Founded by Juan Perón, it was previously called the Peronist Party after its founder. It is overall the largest party in Congress; however, this does not reflect the divisions within the party over the role of Kirchnerism, the left-wing populist faction of the party, which is opposed by the dissident Peronists (also known as Federal Peronism or Menemism), the conservative faction of the party.

History

Overview 
The Justicialist Party was founded in 1946 by Juan and Eva Perón, uniting the Labour Party, the Radical Civic Union Renewal Board and the Independent Party, the three parties that had supported Peron in the election. After the enactment of women's suffrage, the Female Peronist Party, led by the First Lady, was also established. All Peronist entities were banned from elections after 1955, when the Revolución Libertadora overthrew Perón, and civilian governments' attempt to lift Peronism's ban from legislative and local elections in 1962 and 1965 resulted in military coups.
 
Basing itself on the policies espoused by Perón as Argentine president, the party's platform has from its inception centered on populism, and its most consistent base of support has historically been the General Confederation of Labor, Argentina's largest trade union. Perón ordered the mass nationalization of public services, strategic industries, and the critical farm export sector; enacted progressive labor laws and social reforms; and accelerated public works investment.

His tenure also favored technical schools, harassed university staff, and promoted urbanization as it raised taxes on the agrarian sector. Those trends earned Peronism the loyalty of much of the working and lower classes but helped alienate the upper and middle classes of society. Censorship and repression intensified, and following his loss of support from the influential Argentine Catholic Church, Perón was ultimately deposed in a violent 1955 coup.
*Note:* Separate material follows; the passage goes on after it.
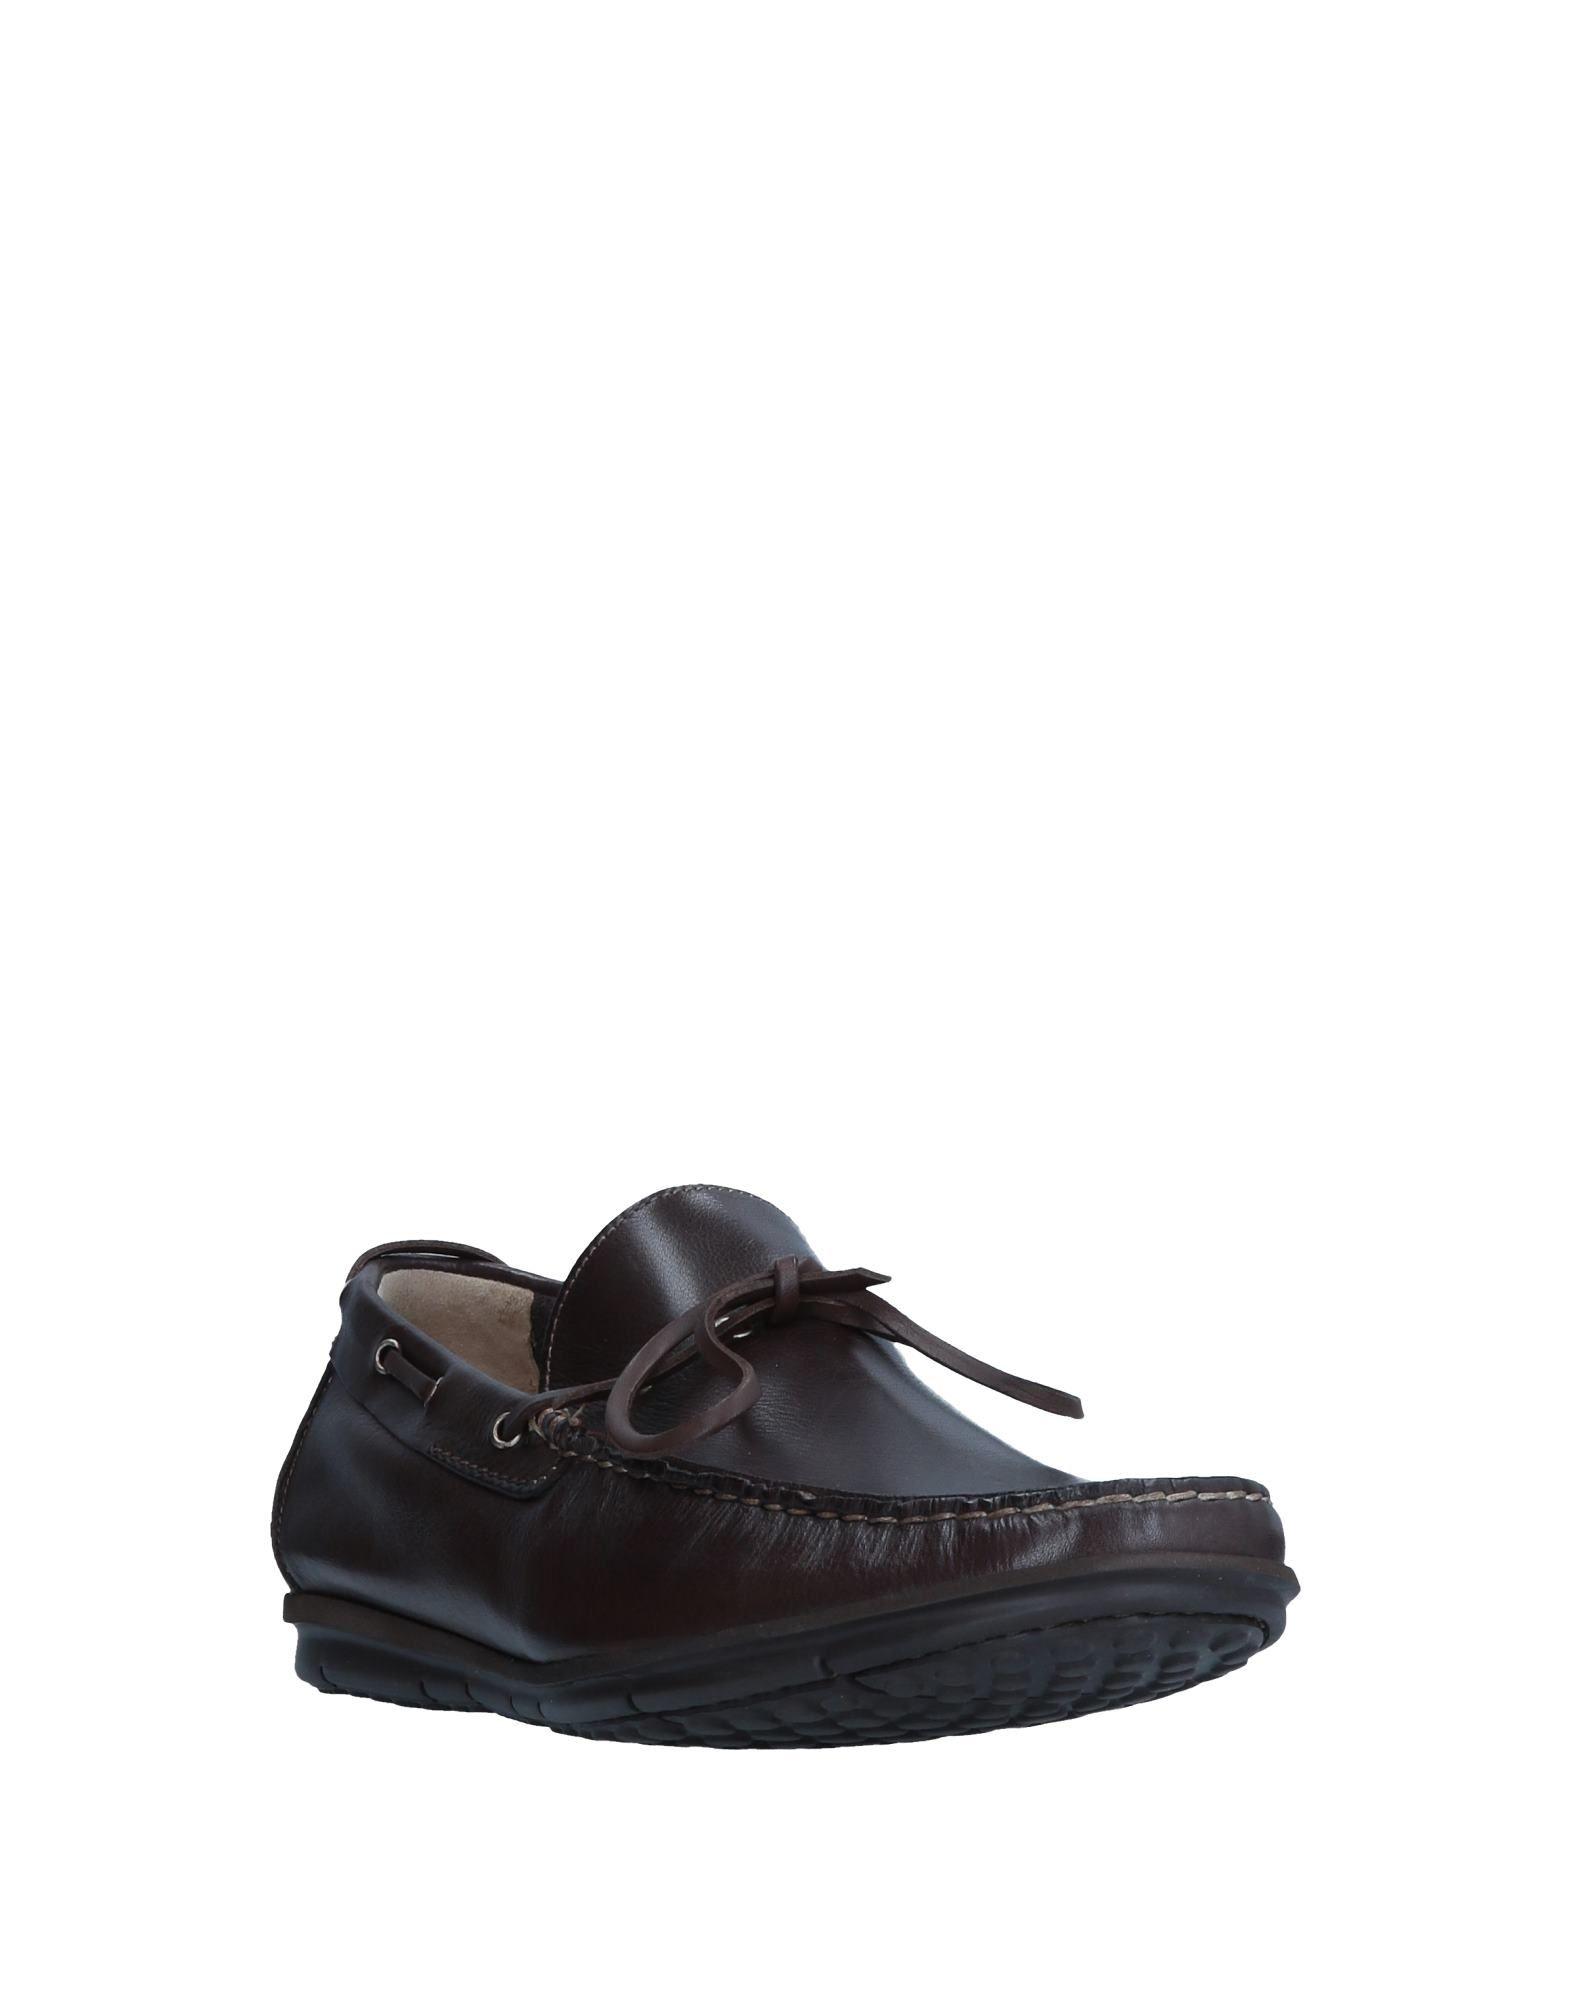 Rabatt Calpierre echte Schuhe Today By Calpierre Rabatt Mokassins Herren  11551614QW 69ce2c

The alignment of groups as supporting or opposing Peronism has largely endured, but the policies of Peronism itself varied greatly over the subsequent decades, as did increasingly those put forth by its many competing figures. During Perón's exile, it became a big tent party united almost solely by its support for the aging leader's return. A series of violent incidents, as well as Perón's negotiations with both the military regime and diverse political factions, helped lead to his return to Argentina in 1973 and to his election in September that year.

An impasse followed in which the party had a place both for leftist armed organizations such as Montoneros, and far-right factions such as José López Rega's Argentine Anti-Communist Alliance. Following Perón's death in 1974, however, the tenuous understanding disintegrated, and a wave of political violence ensued, ultimately resulting in the March 1976 coup. The Dirty War of the late 1970s, which cost hundreds of Peronists (among thousands more) their lives, solidified the party's populist outlook, particularly following the failure of conservative Economy Minister José Alfredo Martínez de Hoz's free trade and deregulatory policies after 1980.
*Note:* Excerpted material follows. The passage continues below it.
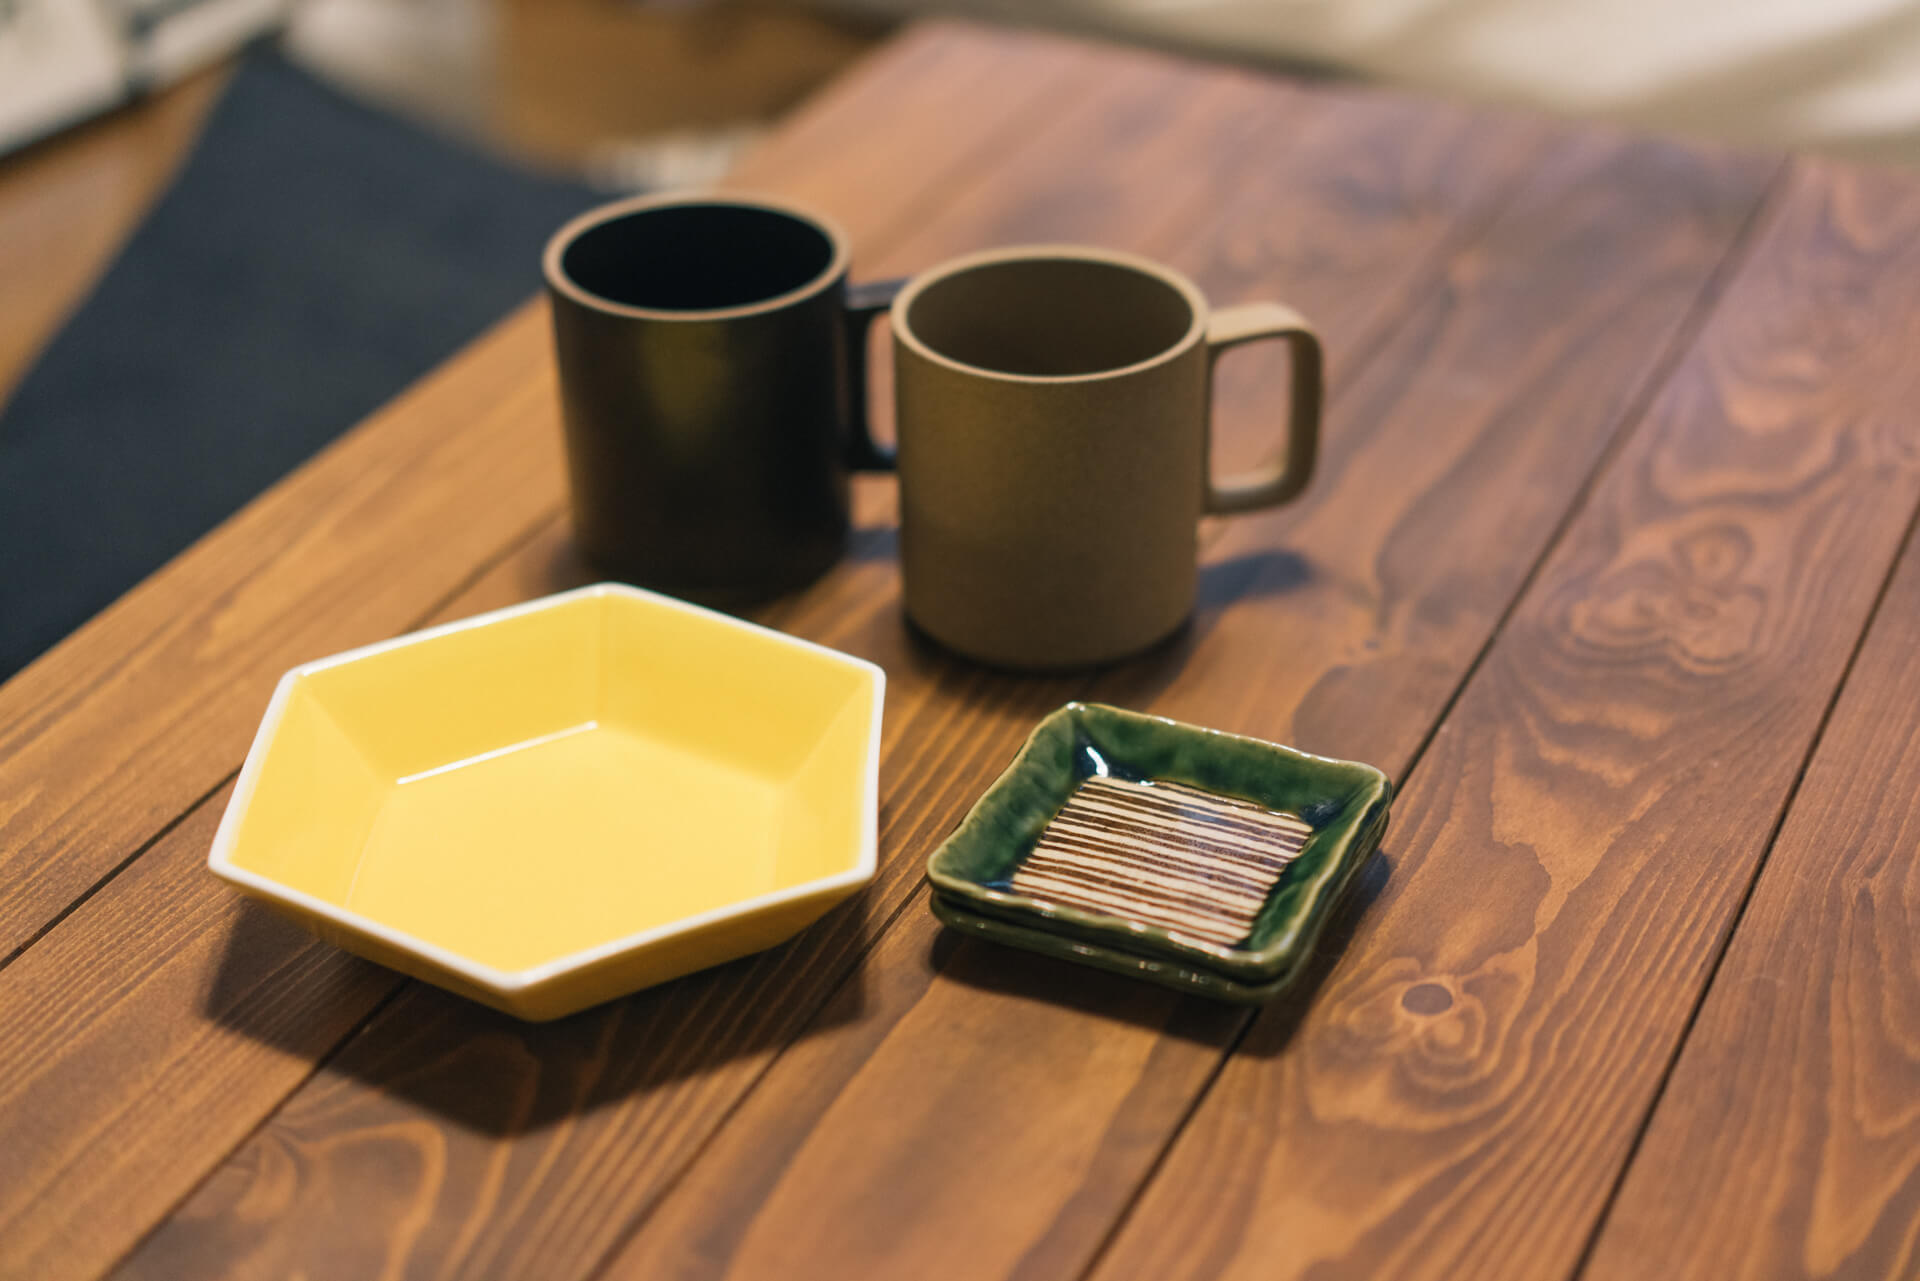 お気に入りの器も見せてもらいました。もらいものの豆皿と、HASAMIのマグカップ。そしてIKEAのお皿。自宅でカフェみたいに楽しめそうです。

In the first democratic elections after the end of the dictatorship of the National Reorganization Process, in 1983, the Justicialist Party lost to the Radical Civic Union (UCR). Six years later, it returned to power with Carlos Menem, during whose term the Constitution was reformed to allow for presidential reelection. Menem (1989–1999) adopted neoliberal right-wing policies which changed the overall image of the party.

The Justicialist Party was defeated by a coalition formed by the UCR and the centre-left FrePaSo (itself a left-wing offshoot of the PJ) in 1999, but regained political weight in the 2001 legislative elections, and was ultimately left in charge of managing the selection of an interim president after the economic collapse of December 2001. Justicialist Eduardo Duhalde, chosen by Congress, ruled during 2002 and part of 2003.

The 2003 elections saw the constituency of the party split in three, as Carlos Menem, Néstor Kirchner (backed by Duhalde) and Adolfo Rodríguez Saá ran for the presidency leading different party coalitions. After Kirchner's victory, the party started to align behind his leadership, moving slightly to the left.

The Justicialist Party effectively broke apart in the 2005 legislative elections when two factions ran for a Senate seat in Buenos Aires Province: Cristina Fernández de Kirchner (then the First Lady) and Hilda González de Duhalde (wife of former president Duhalde). The campaign was particularly vicious. Kirchner's side allied with other minor forces and presented itself as a heterodox, left-leaning Front for Victory (FpV), while Duhalde's side stuck to older Peronist tradition. González de Duhalde's defeat to her opponent marked, according to many political analysts, the end to Duhalde's dominance over the province, and was followed by a steady defection of his supporters to the winner's side.

Néstor Kirchner proposed the entry of the party into the Socialist International in February 2008. His dominance of the party was undermined, however, by the 2008 Argentine government conflict with the agricultural sector, when a bill raising export taxes was introduced with presidential support. Subsequent growers' lockouts helped result in the defection of numerous Peronists from the FpV caucus, and further losses during the 2009 mid-term elections resulted in the loss of the FpV absolute majorities in both houses of Congress.

In 2015, the PJ, with its presidential candidate Daniel Scioli, was defeated by the Cambiemos coalition. Mauricio Macri was inaugurated as President of Argentina, ending 12 years of Kirchnerism.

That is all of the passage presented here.